A flood of oil is set to hit energy markets. Here's how much crude may be unleashed.

Dow Jones
11小时前

MW A flood of oil is set to hit energy markets. Here's how much crude may be unleashed.

By Claudia Assis

Despite a fragile U.S.-Iran cease-fire and fears of an uneven recovery, millions of barrels of crude oil are already lined up over the short term

Vessels anchored off Oman's Port Sultan Qaboos on Saturday. Already, some 6 million barrels of Iranian oil are headed to refineries in China, Piper Sandler analysts said.

A new normal shaping up in the Middle East is signaling that about 150 million barrels of crude oil may be ready to hit markets - boosting hopes in the near term around the situation in the Strait of Hormuz, despite the many twists that the U.S.-Iran peace negotiations continue to take.

"Oil will flow again, though less freely and some in new ways," Jan Stuart, a global energy strategist at Piper Sandler, said in a note Monday.

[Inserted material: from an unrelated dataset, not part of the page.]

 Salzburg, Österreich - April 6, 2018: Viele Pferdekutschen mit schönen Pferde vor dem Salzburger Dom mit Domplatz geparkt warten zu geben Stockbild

The market has visibility on about 90 million barrels of non-Iranian oil in floating storage, or held in oil tankers, and about 68 million barrels of Iranian crude in the Persian Gulf ready to be unlocked. Already, 6 million barrels of Iranian oil are headed to refineries in China, the Piper Sandler analysts said.

Analysts at Veson Nautical said Monday that about 189 oil tankers remain stuck in the Persian Gulf, some of them laden with oil. Investors have followed tanker movements closely since Iran shut down the strategic Hormuz passageway in February.

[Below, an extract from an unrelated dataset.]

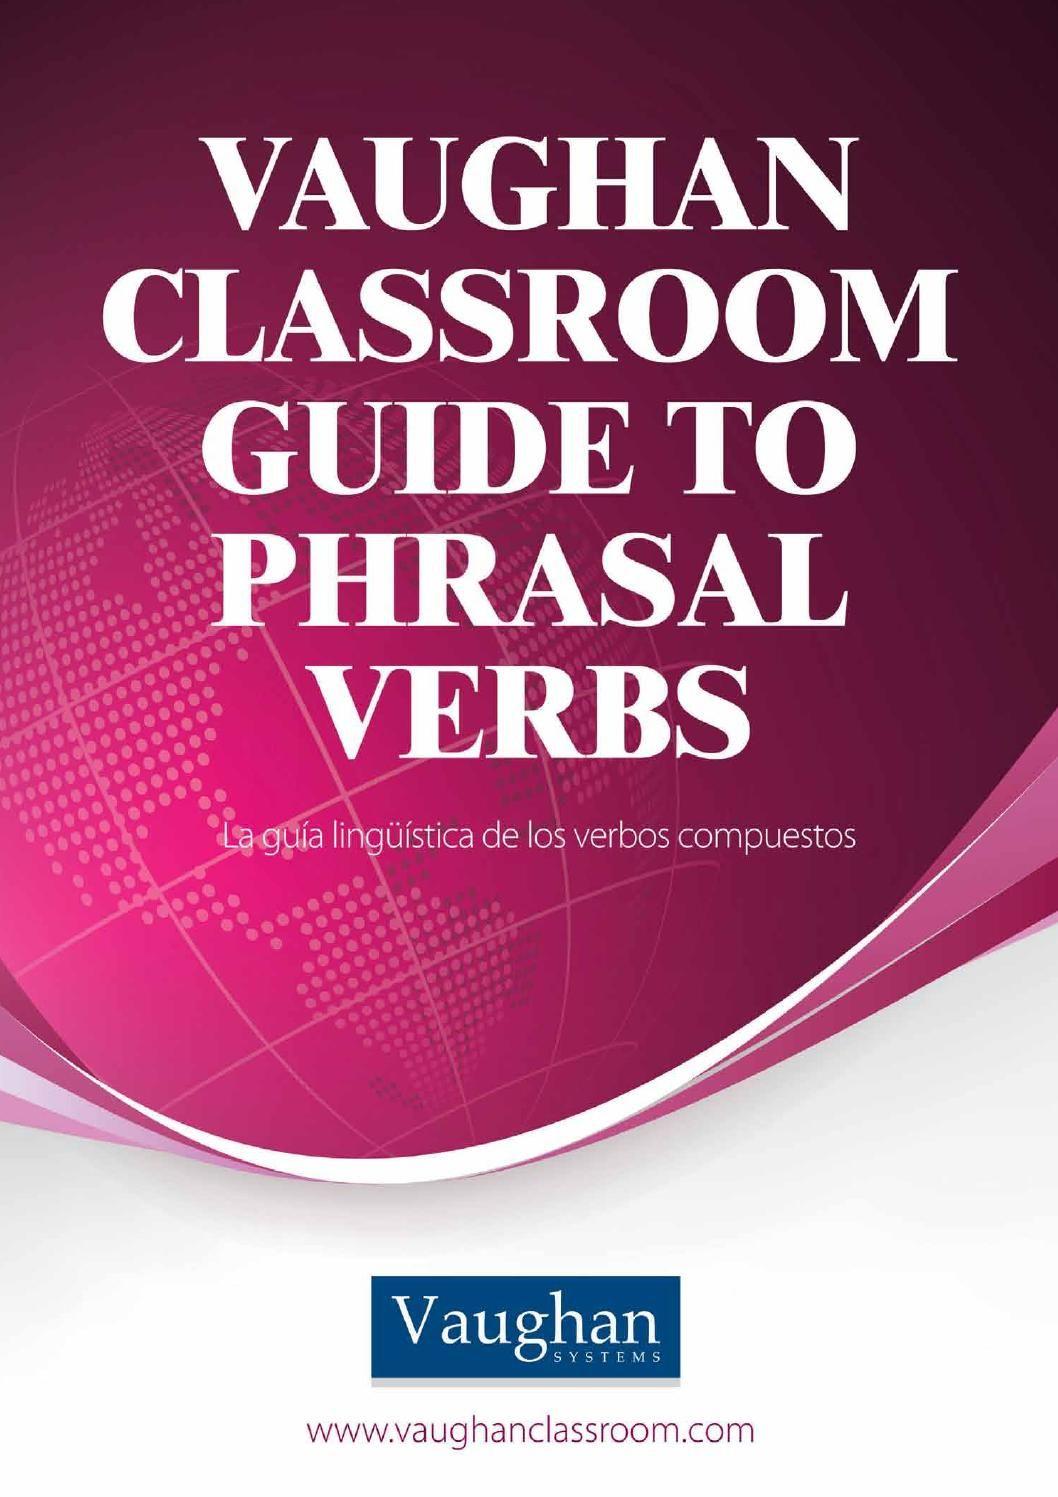 Vaughan Classroom Guide Phrasal Verbs Libro Ingles Quiero Aprender Ingles Cosas De Ingles

A precise count is hard to come by, however, as many vessels "go dark," or turn off their transponder-like signals and radars in attempting to safely cross the strait.

Iran reinstated a transit permit on Sunday, but commercial traffic has been moving, including four outbound tankers laden with Iranian oil, maritime data company Windward said Monday.

The Strait of Hormuz in peacetime was the conduit of about 20 million barrels a day of crude and crude products, or about a fifth of the world's supply of the commodities.

Don't miss: U.S. oil prices fall below $74 a barrel on 60-day pause on Iranian oil sanctions

The U.S. Energy Information Administration earlier this month calculated that the "very limited" shipping traffic through the Strait of Hormuz had caused oil producers in the Middle East to reduce crude production by more than 11 million barrels a day in May.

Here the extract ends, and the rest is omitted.